Figure 3. Elevational density profiles.

Shown are example plots for 4 of the 10 species exhibiting a significant difference between the elevation of density optima between southern (filled circles) and northern (unfilled circles) AWT populations according to 84% Confidence Intervals (see text for explanation of this choice). Data are proportional estimated densities corrected for detectability at each sampling point. The vertical lines mark the estimated elevations of density optima in the two regions. Arrows and their labels indicate the direction and magnitude of the estimated elevational shift in each case. See table 2 for species’ scientific names.

Comparing observed and predicted elevational differences

Among the species we identified as likely to be temperature sensitive, positive elevational differences in density optima between the southern and northern AWT drove a consistent trend upslope relative to a line of no difference (Fig. 4A). An overlay of the kernel density plots of optima elevations in the two regions illustrates the distribution of optima across the elevational gradient, and the offset between subregions. Fig. 4B also shows the positive (upslope) bias in the median value of shifts across these 26 species. The results of a series of non-parametric tests for the significance of these shifts are shown in Table 3. A Wilcoxon signed rank test indicated a significant positive median difference in optima elevations for northern populations relative to their southern counterparts of 80.66 m (p-value for H1: the median difference is not equal to zero  = 0.006, n1  =  n2  = 26), which was not significantly different from the bioCLIM estimated Mean Annual Temperature displacement of 75.56 m p-value (for H1: the median difference is not equal to 75.5 m = 0.86). While the observed median difference was not consistent with predictions based on bioCLIM Tmax of a downward displacement (predicted  = −81.17 m), nor with the greater up-slope shift predicted by bioCLIM Tmin (predicted  = +403 m), the lower interquartile range of species profile differences between southern AWT and northern AWT includes some down-slope-shifts (observed  = −75.3 m) and is consistent with predictions based on Tmax (Table 3). AccuCLIM MAT did not provide a better prediction of this median shift across all species (+54.89 m, P = 0.33) and nor did the corresponding accuCLIM Tmax and Tmin (Table 3). Root Mean Squared Errors for regressions of observed and expected optima values, however, showed a marginal advantage of accuCLIM (RMSE 143.7) over bioCLIM (RMSE  = 146.2) for MAT, though not for Tmax and Tmin (Table 3).

Figure 4. Trends among sensitive species in differences in the elevation of density optima.

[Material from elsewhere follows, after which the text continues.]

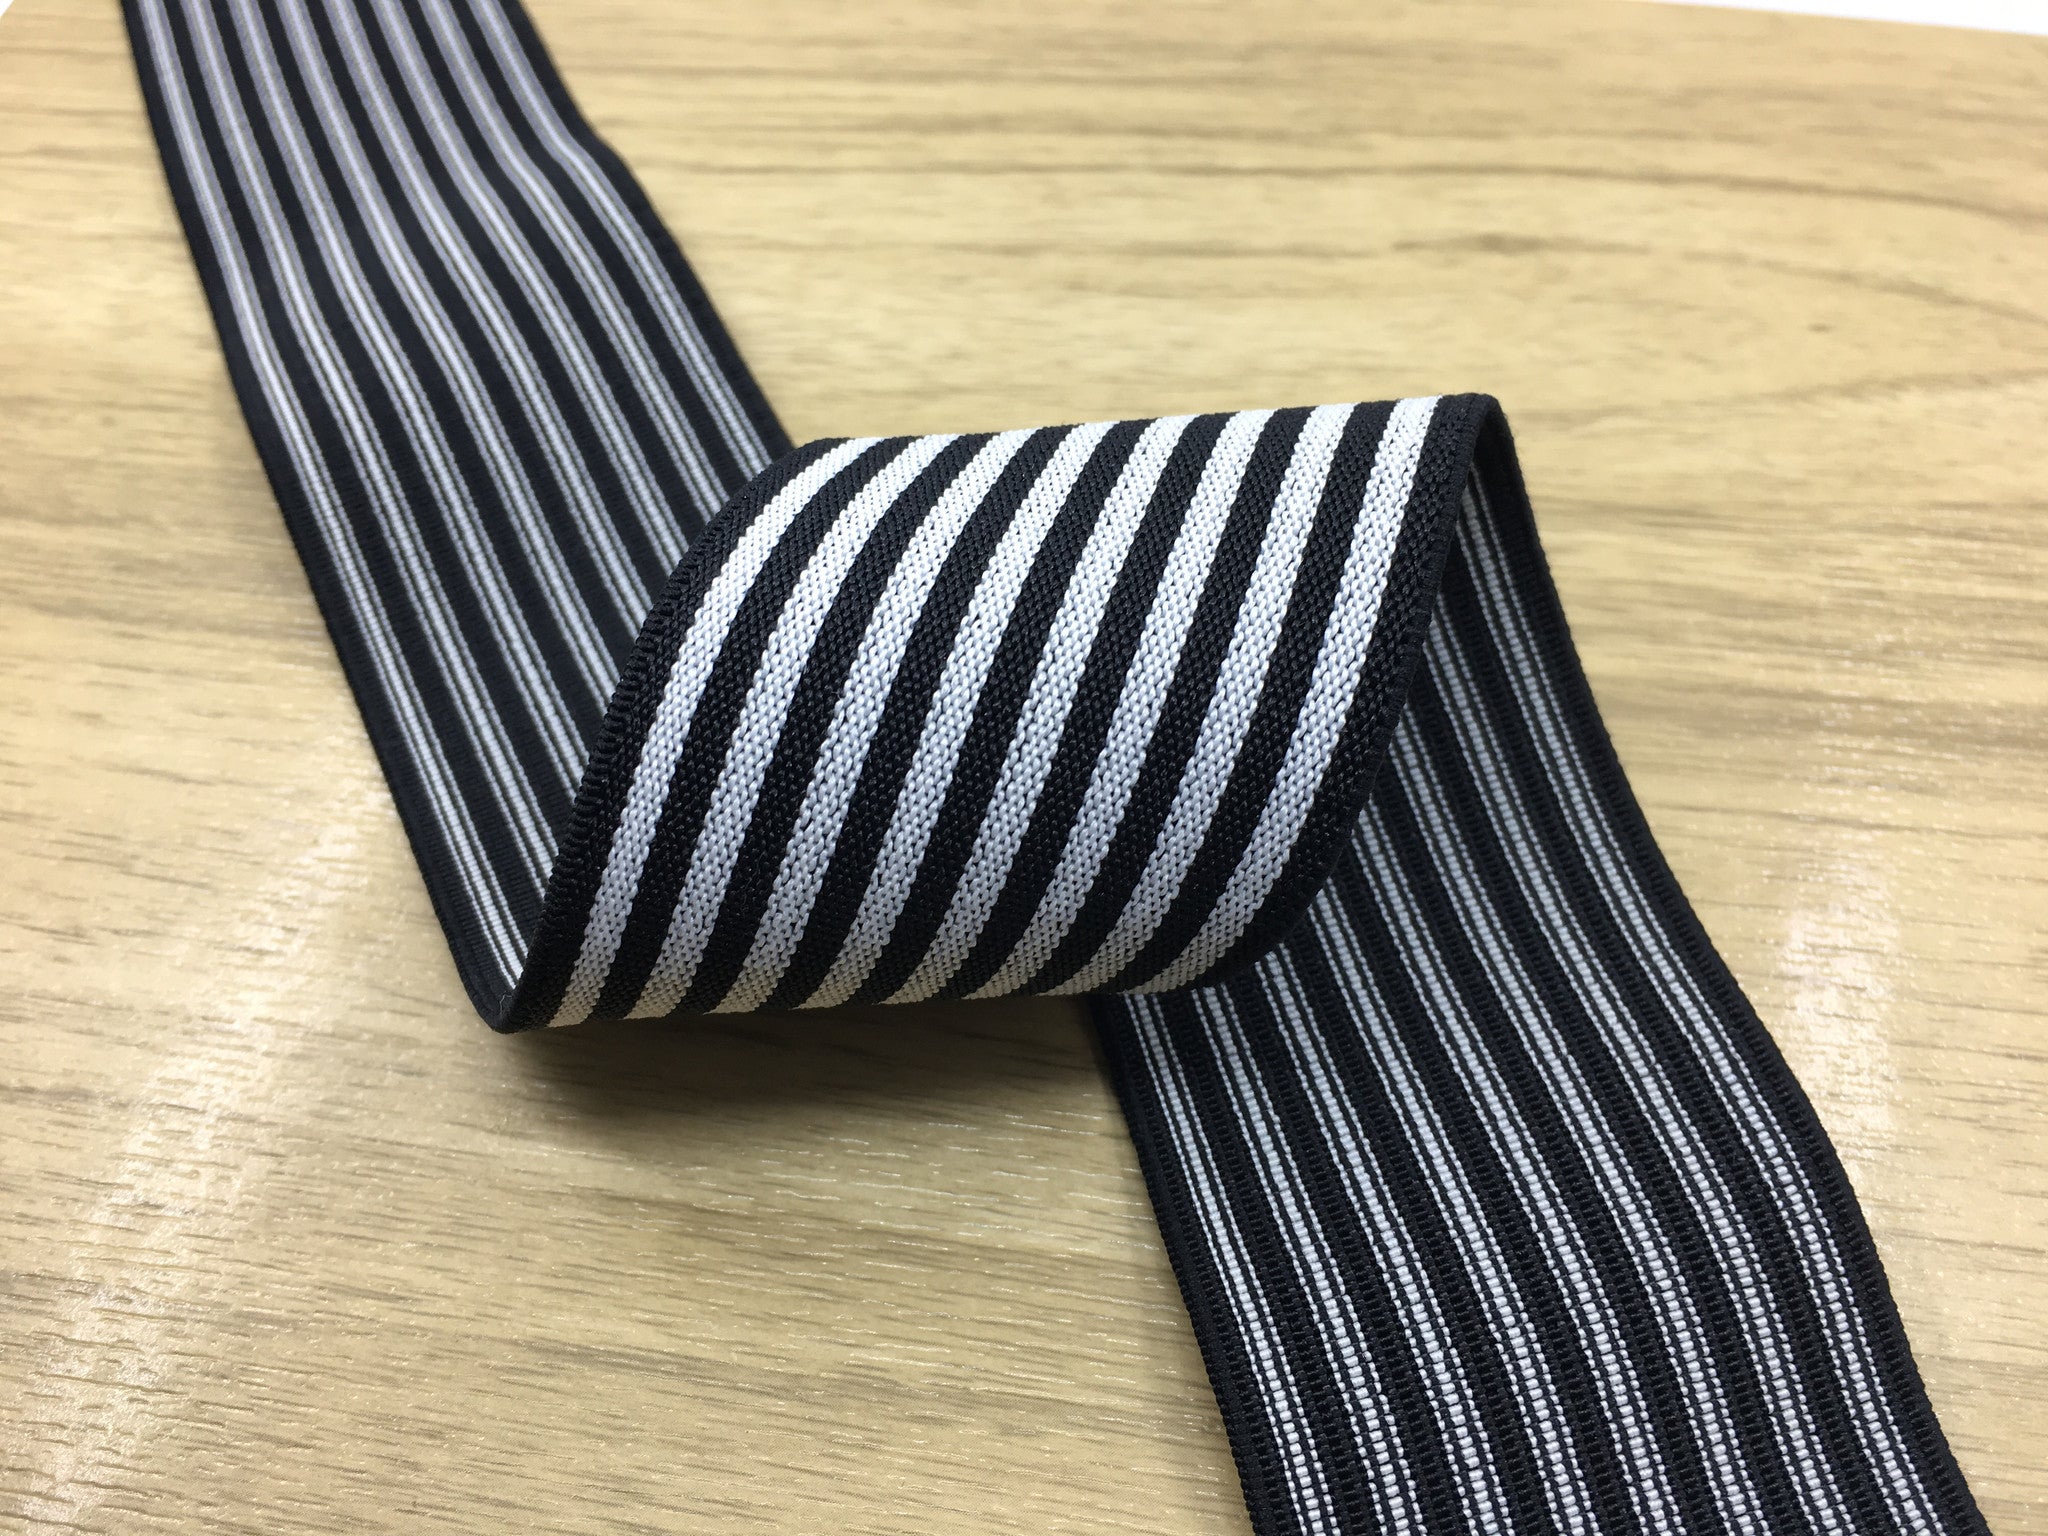 2 inch (50 mm ) Wide Colored Black and White Thin Striped Elastic Band, Waistband Elastic, Sewing Elastic-1 Yard - strapcrafts

A) Differences in the elevation of density optima between southern and northern AWT bird populations. Data are elevations of density optima estimated for species for which Gaussian response curves were identified as the best fit using AIC in the HOF approach, recalculated with confidence intervals using the approach of Oksanen et al. [21]. The diagonal dashed line shows the line of no shift between subregions, while the solid line is a simple linear model fit to the density optimum data (r2 = 0.633, f = 44.22, d.f. = 24, p = <0.001). Species whose southern upper and northern lower 84% confidence intervals do not overlap are indicated with open circles. The inset figure shows kernel density plots of the elevations of species elevation optima in the southern AWT overlayed on those for the northern AWT, illustrating the upward displacement in the central tendency of these values with latitude. B) Distribution of differences between the elevation of density optima fitted to Gaussian response-species between the southern and northern AWT regions. The vertical lines separated by an arrow indicate the difference between zero (no shift) and the Wilcoxon test of median difference between southern and northern AWT optima values across the 26 taxa (+80.66 m).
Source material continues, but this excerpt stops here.